An Intelligent Fault Diagnosis Method for Bearings with Variable Rotating Speed Based on Pythagorean Spatial Pyramid Pooling CNN

Abstract

Deep learning methods have been introduced for fault diagnosis of rotating machinery. Most methods have good performance when processing bearing data at a certain rotating speed. However, most rotating machinery in industrial practice has variable working speed. When processing the bearing data with variable rotating speed, the existing methods have low accuracies, or need complex parameter adjustments. To solve this problem, a fault diagnosis method based on continuous wavelet transform scalogram (CWTS) and Pythagorean spatial pyramid pooling convolutional neural network (PSPP-CNN) is proposed in this paper. In this method, continuous wavelet transform is used to decompose vibration signals into CWTSs with different scale ranges according to the rotating speed.
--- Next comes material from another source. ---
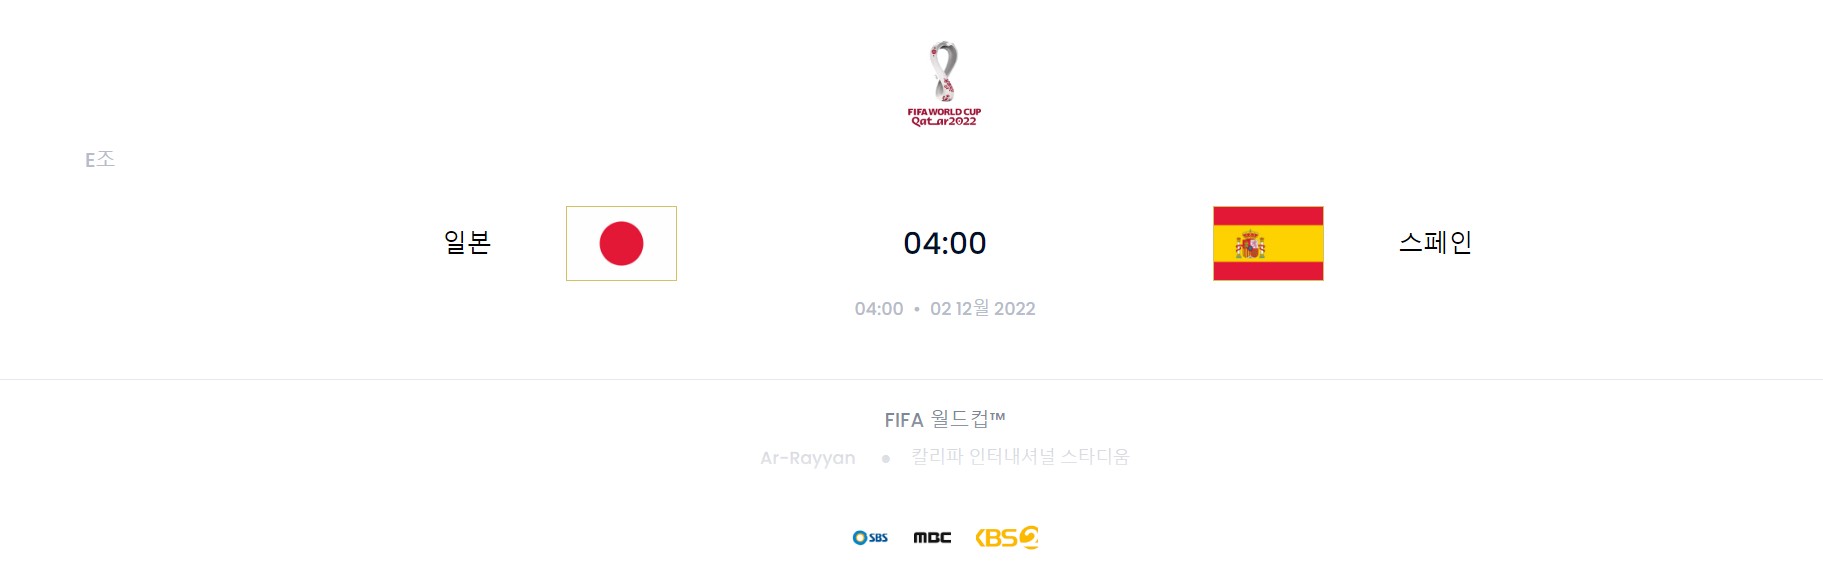 카타르 월드컵 F조 5경기 (일본 VS 스페인)

By adding a PSPP layer, CNN can process CWTSs in different sizes. Then the fault diagnosis of variable rotating speed bearing can be carried out by a single CNN model without complex parameter adjustment. Compared with a spatial pyramid pooling (SPP) layer that has been used in CNN, a PSPP layer locates as front layer of CNN. Thus, the features obtained by PSPP layer can be delivered to convolutional layers for further feature extraction. According to experiment results, this method has higher diagnosis accuracy for variable rotating speed bearing than other methods. In addition, the PSPP-CNN model trained by data at some rotating speeds can be used to diagnose bearing fault at full working speed.